You’re reading a free article with opinions that may differ from The Motley Fool’s Premium Investing Services. Become a Motley Fool member today to get instant access to our top analyst recommendations, in-depth research, investing resources, and more. Learn More.

On Friday morning, the FTSE 100 hit its highest level since the market crashed in February 2020. The index of blue-chip stocks rose to 7,242 in early trading and is at 7,220 as I write — levels not seen since before the pandemic begun.

Today, I want to explain why the market’s rising and why I’m still confident I can find good, cheap stocks to buy for my portfolio.

Why is the market rising?

It might seem odd that the market is rising when news headlines are so bad. Businesses all over the world are being affected by shipping delays, rising transport costs and high energy prices. Surely that must be bad for profits?

I certainly think we could see some problems in the new year. But right now, I can see two clear reasons why the FTSE 100 is rising.

The first is that high oil and gas prices are providing a boost for some of the biggest companies in the index, such as BP and Royal Dutch Shell. These heavyweights have a combined market-cap of £211bn.

This makes them more valuable than the 40 smallest companies in the index combined. If the Shell and BP share prices move in the same direction, that’s often enough to move the whole index. I think that’s what we’re seeing today.

Is the FTSE 100 expensive?

Is the FTSE 100 expensive? I don’t think so, not really. Profits at many companies have recovered well since last year, boosting corporate earnings. For the lead index as a whole, the average price/earnings ratio is now 15, while the dividend yield is 3.4%.

That seems reasonable value to me. If I was investing in an index tracker, I’d be happy to continue buying the FTSE at this level.
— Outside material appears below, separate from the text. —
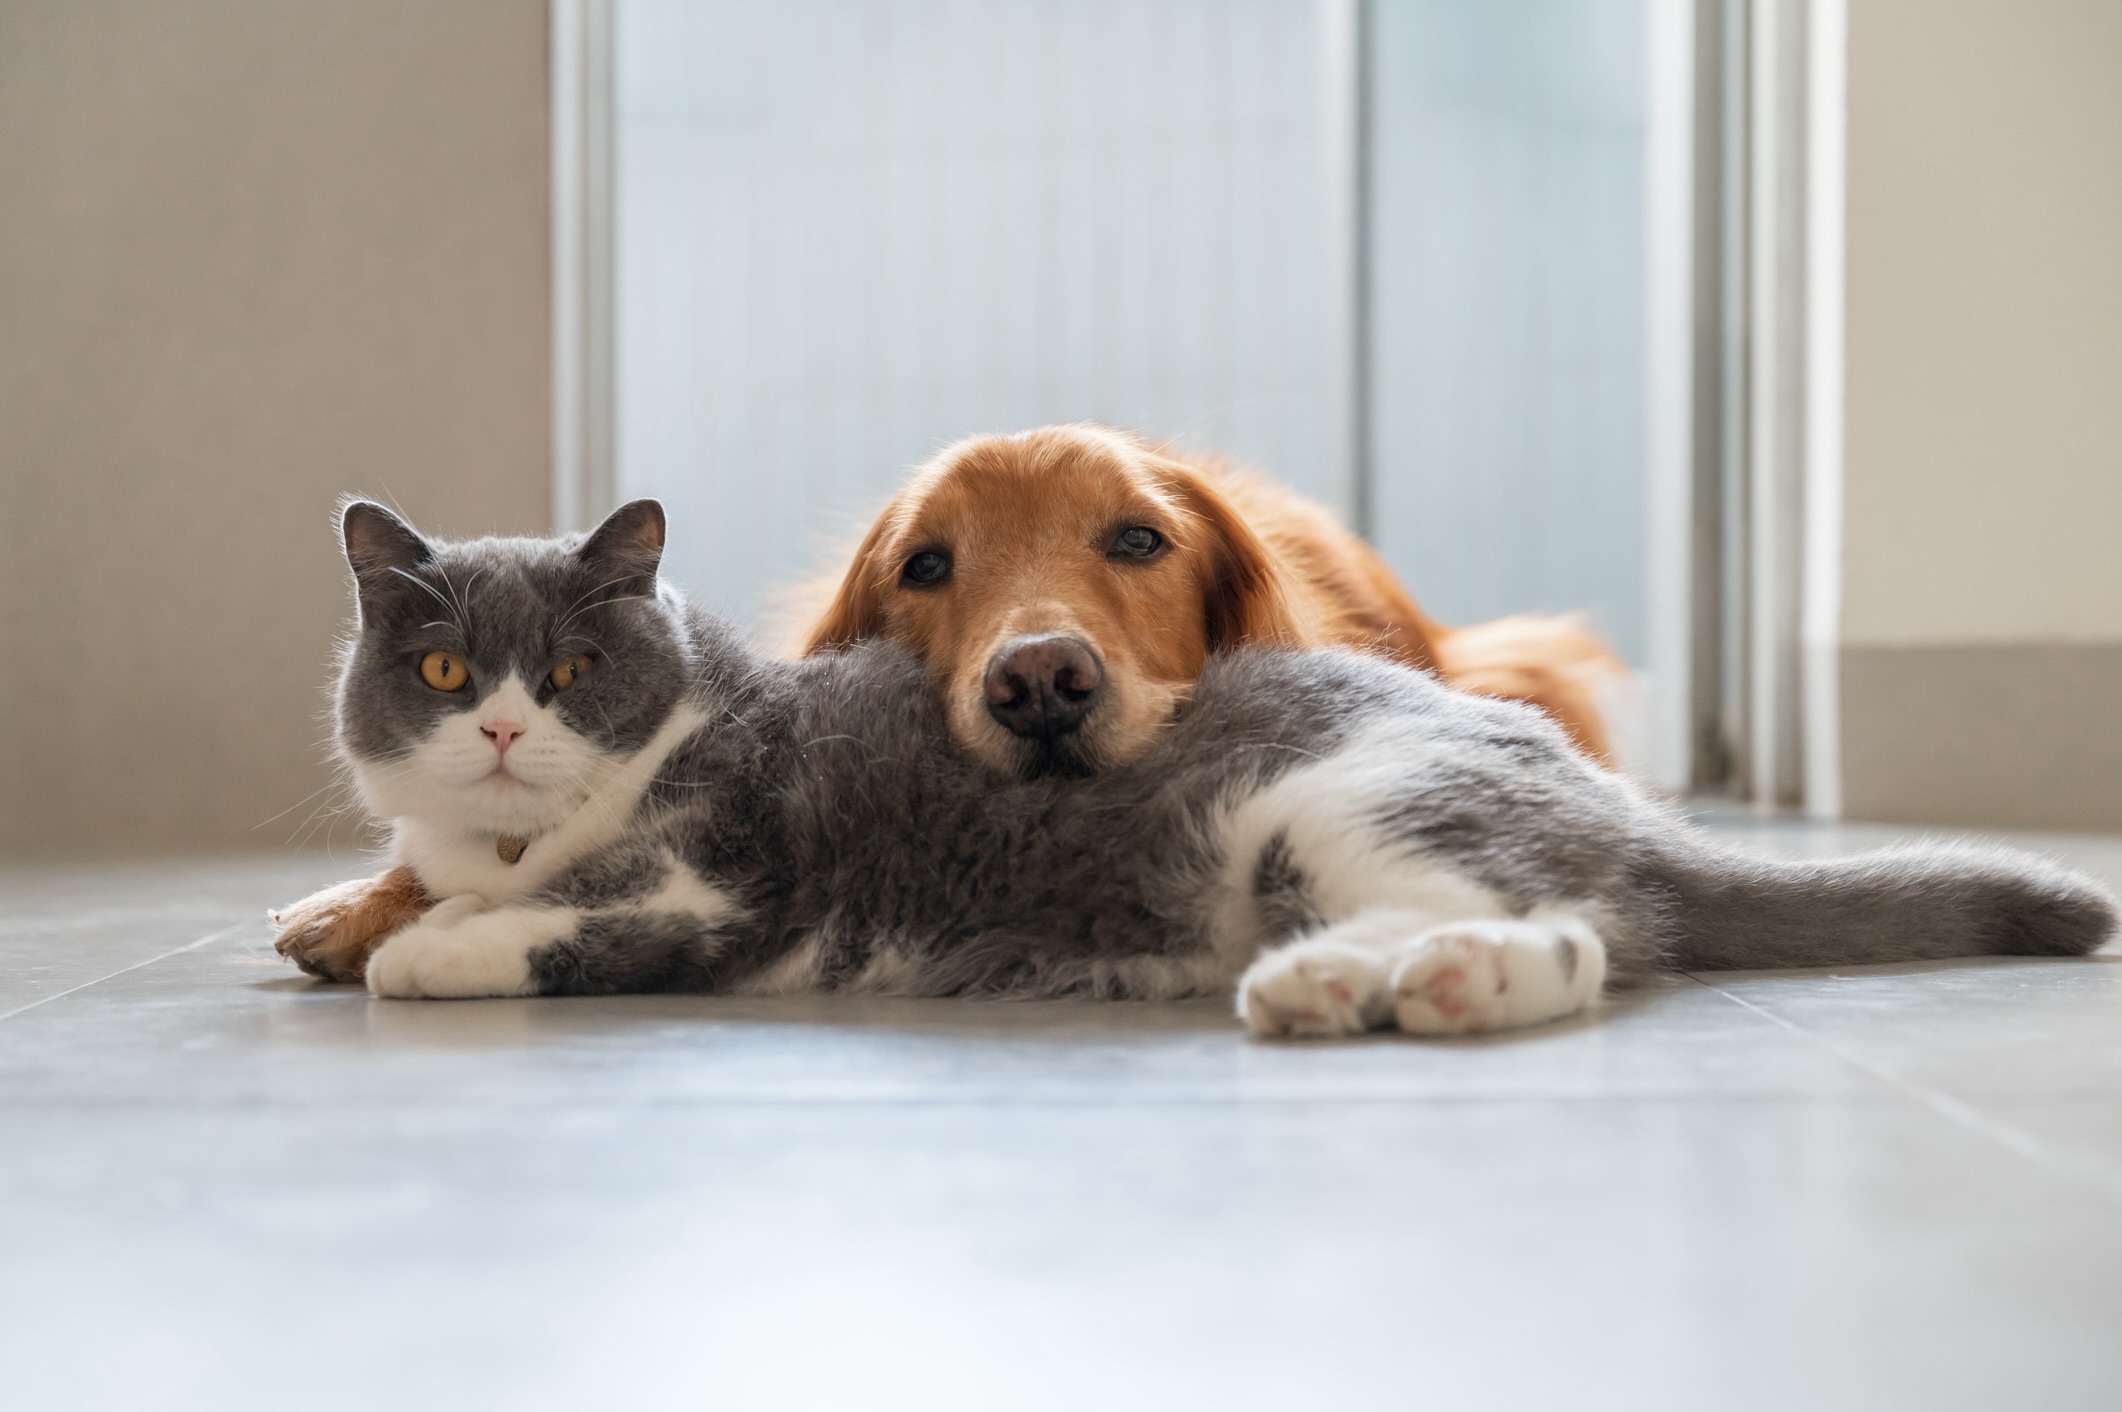 British Shorthair cat and Golden Retriever snuggle on floor

Of course, these figures are only an average. The index is made up of 100 different companies, from a wide range of sectors. All of these are valued differently. Some individual shares do look expensive to me. Some look cheap.

As a stock-picking investor, what I’m doing is focusing on companies I think are both good and cheap. Here are three examples.

Cheap FTSE shares I’m buying

One FTSE 100 stock I’ve been buying recently is consumer goods giant Unilever. This firm’s brands are used by billions of people worldwide. I’m certain we all have at least one in our homes. Unilever’s profits have come under pressure this year from rising costs. But, in my view, this is still a great business.

With the shares under £40, the stock yields 3.7% and looks decent value to me as a long-term buy.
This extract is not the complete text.